Capable != automatic

live_object_upload_adapter_implemented and provider_api_call_implemented are
now true — the live adapter really ships. But archive object-storage-upload --approve still fails closed unless every gate is met: env-only credential refs,
a safe --reviewed-by, a resolvable non-secret endpoint/bucket, and a met tiered
gate. Read-only object-storage-upload-plan/-verify and the read-only MCP tools
are unaffected.

Residual (only a real endpoint proves these)

Carried as unproven_against_live_provider: true until the first live object:
signature ACCEPTANCE by R2's authorizer; real read-after-write consistency of the
HEAD+GET verification path; real 429/SlowDown timing; the ±15-minute clock-skew
window; and real Class-A/B billing (note the HEAD+GET verification adds one
GetObject read per uploaded object).
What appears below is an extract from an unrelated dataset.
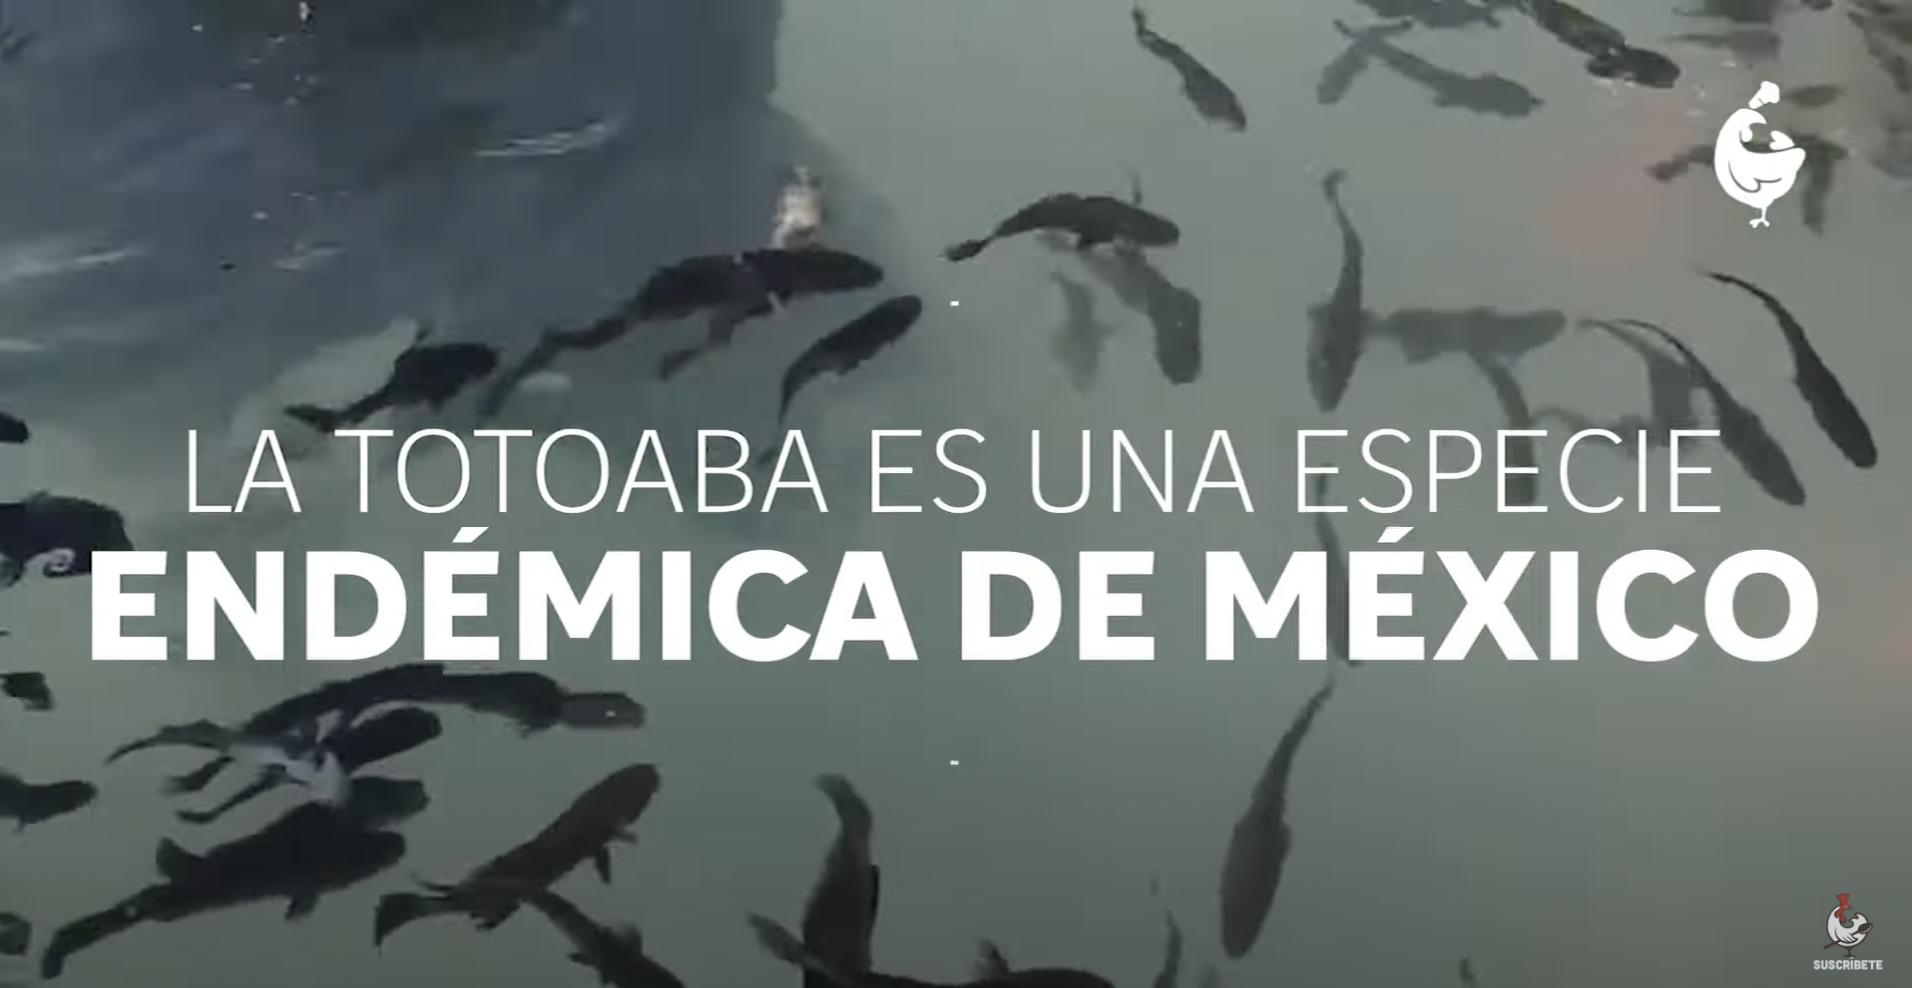 Totoaba: aunque no lo creas, un pescado legal y muy mexicano.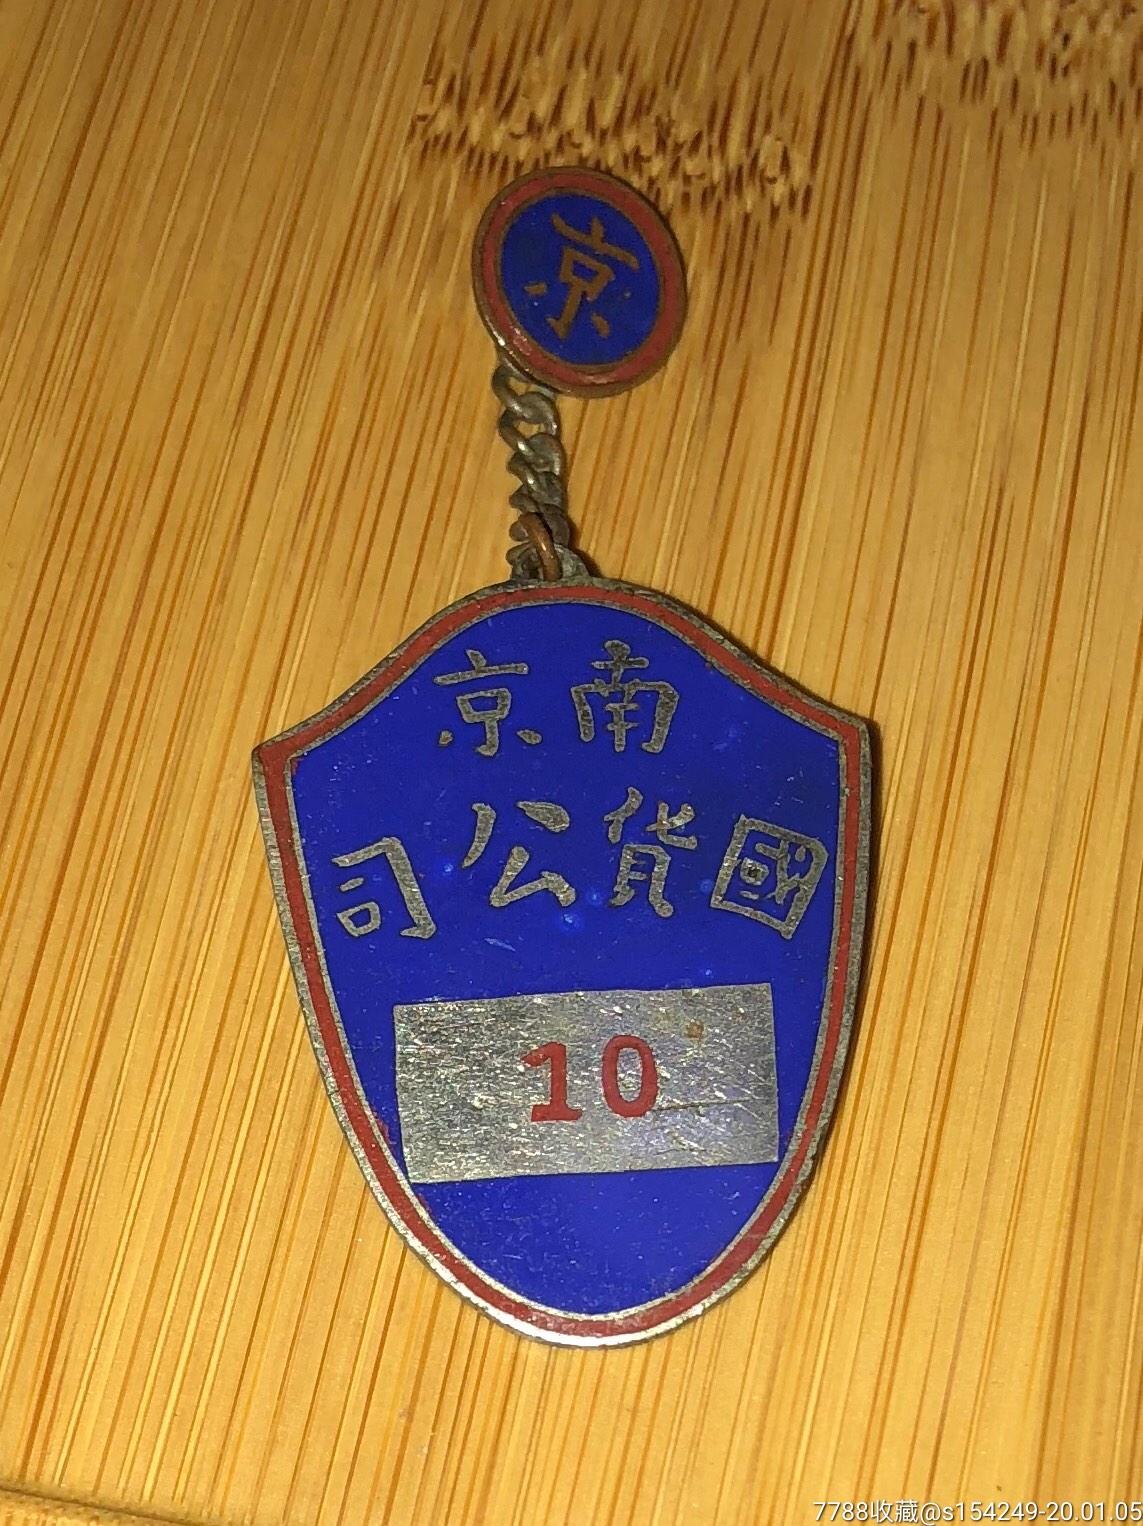 民��,首都南京���公司【支持���,抵制洋�】(au22078652)_

Whole-object integrity itself no longer
depends on any provider checksum surface, so it is not a live unknown.

Human tiny-first runbook (tier 1, first live object)

Upload exactly one small object, verify it end-to-end by hand, then advance tiers.

WOM_R2_ACCESS_KEY_ID=<id> WOM_R2_SECRET_ACCESS_KEY=<secret> \
archive object-storage-upload <archive-root> \
  --provider-kind cloudflare-r2 \
  --store-ref storage:account:<label> \
  --endpoint-host <account>.r2.cloudflarestorage.com \
  --bucket <bucket-name> \
  --access-key-id-ref env:WOM_R2_ACCESS_KEY_ID \
  --secret-access-key-ref env:WOM_R2_SECRET_ACCESS_KEY \
  --only sha256:<one-small-object-hex> \
  --max-objects 1 \
  --skip-uploaded \
  --reviewed-by kim \
  --approve

After it succeeds, verify by hand: the execution receipt under
receipts/providers/object-storage-executions/, the manifest transition to a
wom_uploaded location, and the remote after-HEAD. Then advance the tiers, each a
separate human --approve run:

  1. T1 one small object (above).
  2. T2 one object at or above the multipart threshold.
  3. T3 a small batch (~10) with a deliberate mid-batch abort proving the
    manifest lock + resume ledger.
  4. T4 a --skip-uploaded re-run proving no declared_uploaded false-skip.
  5. T5 the full set.

Only after the first live object is confirmed does the doc caveat flip to
proven_against_live_provider: cloudflare-r2, one object.

What is deliberately NOT in this release

No live object has been uploaded from this release — the tiny-first runbook is a
human step. Real signature acceptance, checksum surfacing, multipart, throttle
timing, and cost are validated live, tier by tier, behind explicit human approval.